Typically the isoelectric line is measured as the portion of the tracing following the T wave and preceding the next P wave.
P WAVE
During normal atrial depolarization, the main electrical vector is directed from the SA node towards the AV node,
and spreads from the right atrium to the left atrium. This turns into the P wave on the ECG, which is upright in II, III, and aVF
(since the general electrical activity is going toward the positive electrode in those leads),
and inverted in aVR (since it is going away from the positive electrode for that lead.
A P wave must be upright in leads II and aVF and inverted in lead aVR to designate a cardiac rhythm as Sinus Rhythm.

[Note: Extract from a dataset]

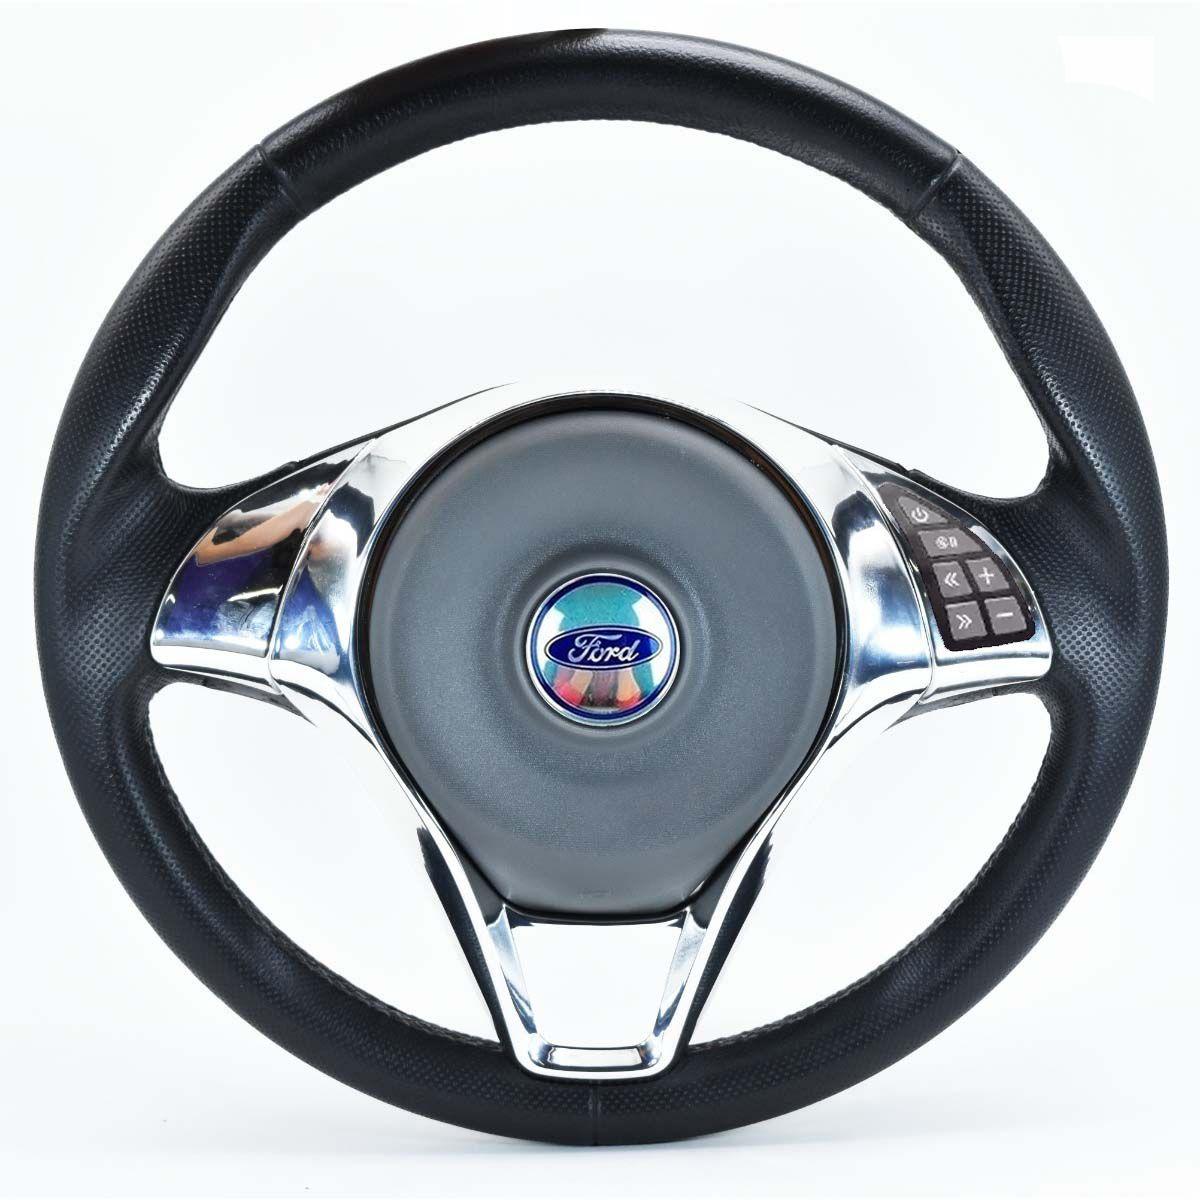 Volante Multifuncional Palio Sporting Ford Ka Fiesta Escort Zetec Hobby Pampa F100 F1000 F75 F250 Verona Del Rey Belina Ecosport Logus Acionador de Buzia + Cubo

The relationship between P waves and QRS complexes helps distinguish various cardiac arrhythmias.
The shape and duration of the P waves may indicate atrial enlargement.
QRS COMPLEX
The QRS complex is a structure on the ECG that corresponds to the depolarization of the ventricles.
Because the ventricles contain more muscle mass than the atria, the QRS complex is larger than the P wave.
In addition, because the His/Purkinje system coordinates the depolarization of the ventricles,
the QRS complex tends to look "spiked" rather than rounded due to the increase in conduction velocity.
A normal QRS complex is 0.06 to 0.10 sec (60 to 100 ms) in duration represented by three small squares or less,
but any abnormality of conduction takes longer, and causes widened QRS complexes.
Not every QRS complex contains a Q wave, an R wave, and an S wave. By convention, any combination of these waves can be referred to as a QRS complex.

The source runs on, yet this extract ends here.